More than 186,000 people in the U.K. have died of COVID-19 since the start of the pandemic, placing it near the middle of the pack in terms of European countries’ coronavirus death rates per million residents.

Countries that more consistently applied lockdowns and border restrictions, such as Iceland, fared far better. Iceland recorded less than a tenth of the deaths per million residents as the U.K.

SOUTH KOREA

The strategies pursued by South Korean leaders have been held up as models of success in managing COVID-19.

South Korea was among the most aggressive in putting a widespread COVID-19 testing policy in place, and its health officials quickly developed a contact-tracing operation to attempt to contain cases.

While restrictions on business, including curfews, were at different points put in place, South Korea never resorted to nationwide lockdowns.

The omicron wave provided a stiff challenge to South Korea’s approach, however.

The number of COVID-19 deaths has exploded since fall 2021, and confirmed cases have exploded as well — from just over 457,000 on Dec. 1 to nearly 10 million as of this week.
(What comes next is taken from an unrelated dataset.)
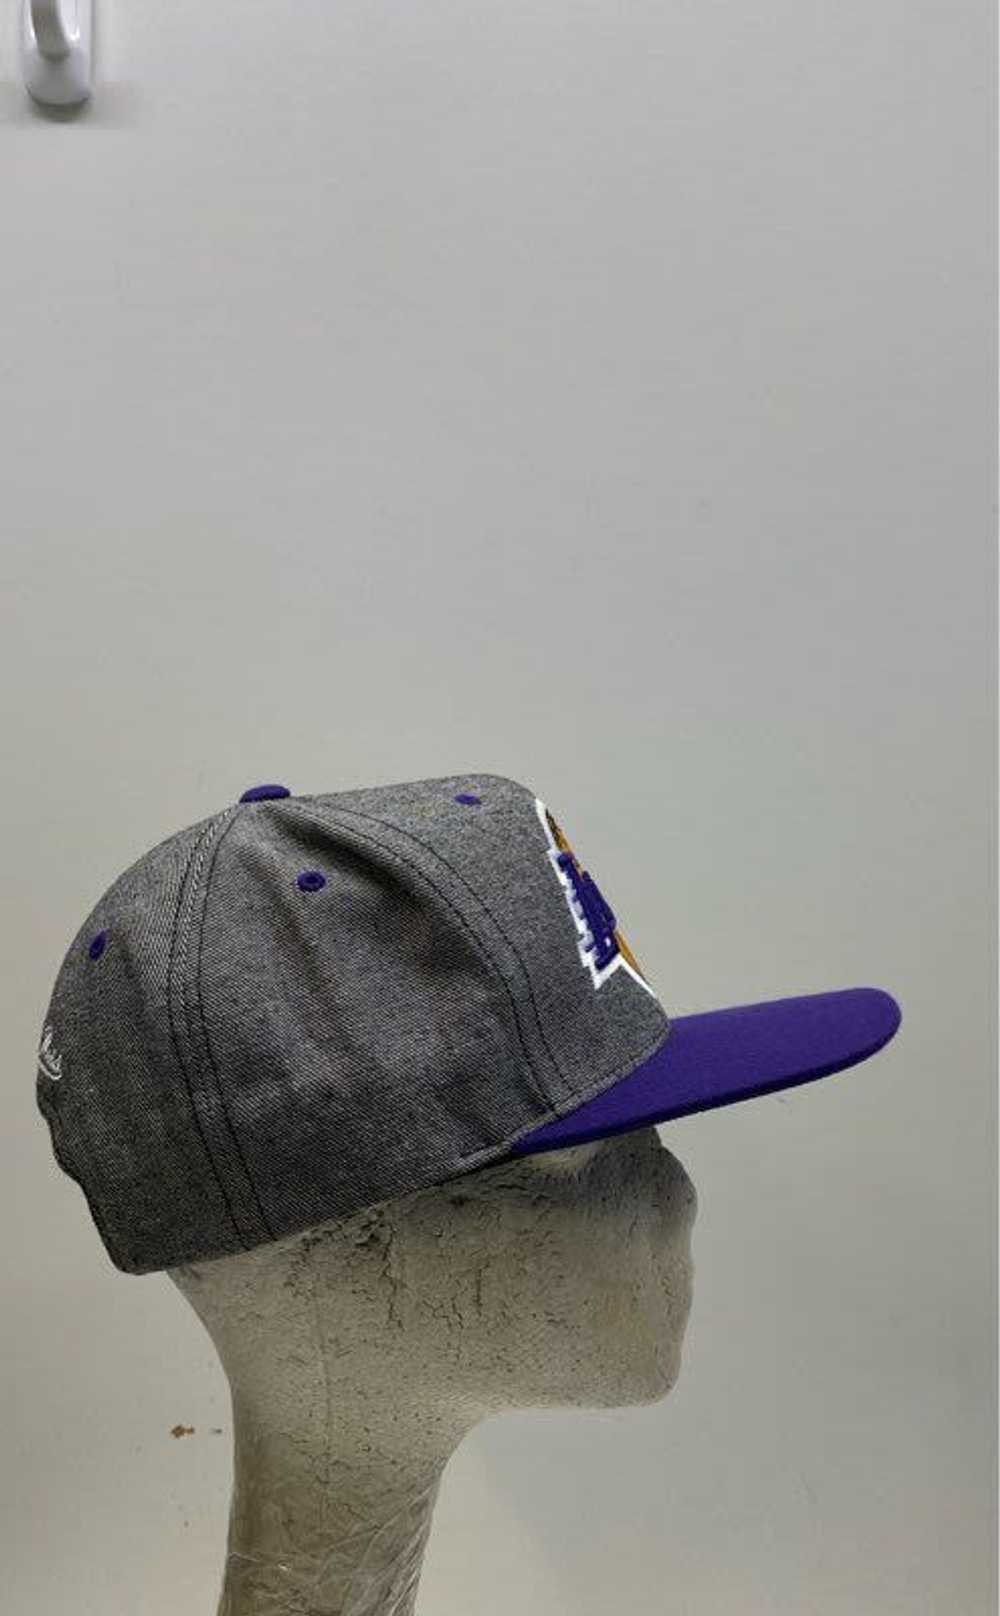 Mitchell & Ness Los Angeles Lakers Snapback Cap - image 3

Grappling with the surge, South Korean health officials focused their resources on the sickest patients and encouraged healthier South Koreans to treat themselves at home — abandoning its previous practice of providing food and supplies to every COVID-19-positive South Korean.

ICELAND

Iceland’s approach has shifted dramatically in recent months from expansive testing and strict isolation policies to an explicit effort to achieve herd immunity by infecting as many Icelanders as possible.

Tourists and Icelanders returning from abroad had to, until recently, show a negative COVID-19 test, isolate for five days, and provide a second negative test to enter the country, which had kept cases relatively low until this year.

CLICK HERE TO READ MORE FROM THE WASHINGTON EXAMINER

With those restrictions now gone, Iceland’s top epidemiologist has said in recent weeks that herd immunity is the most likely path out of the pandemic for the island country.

Iceland’s leaders have attributed their success in mitigating the virus to the high levels of compliance with masking and isolation rules among citizens — a feat that has been more difficult for public health officials in larger countries, including the United States, to achieve.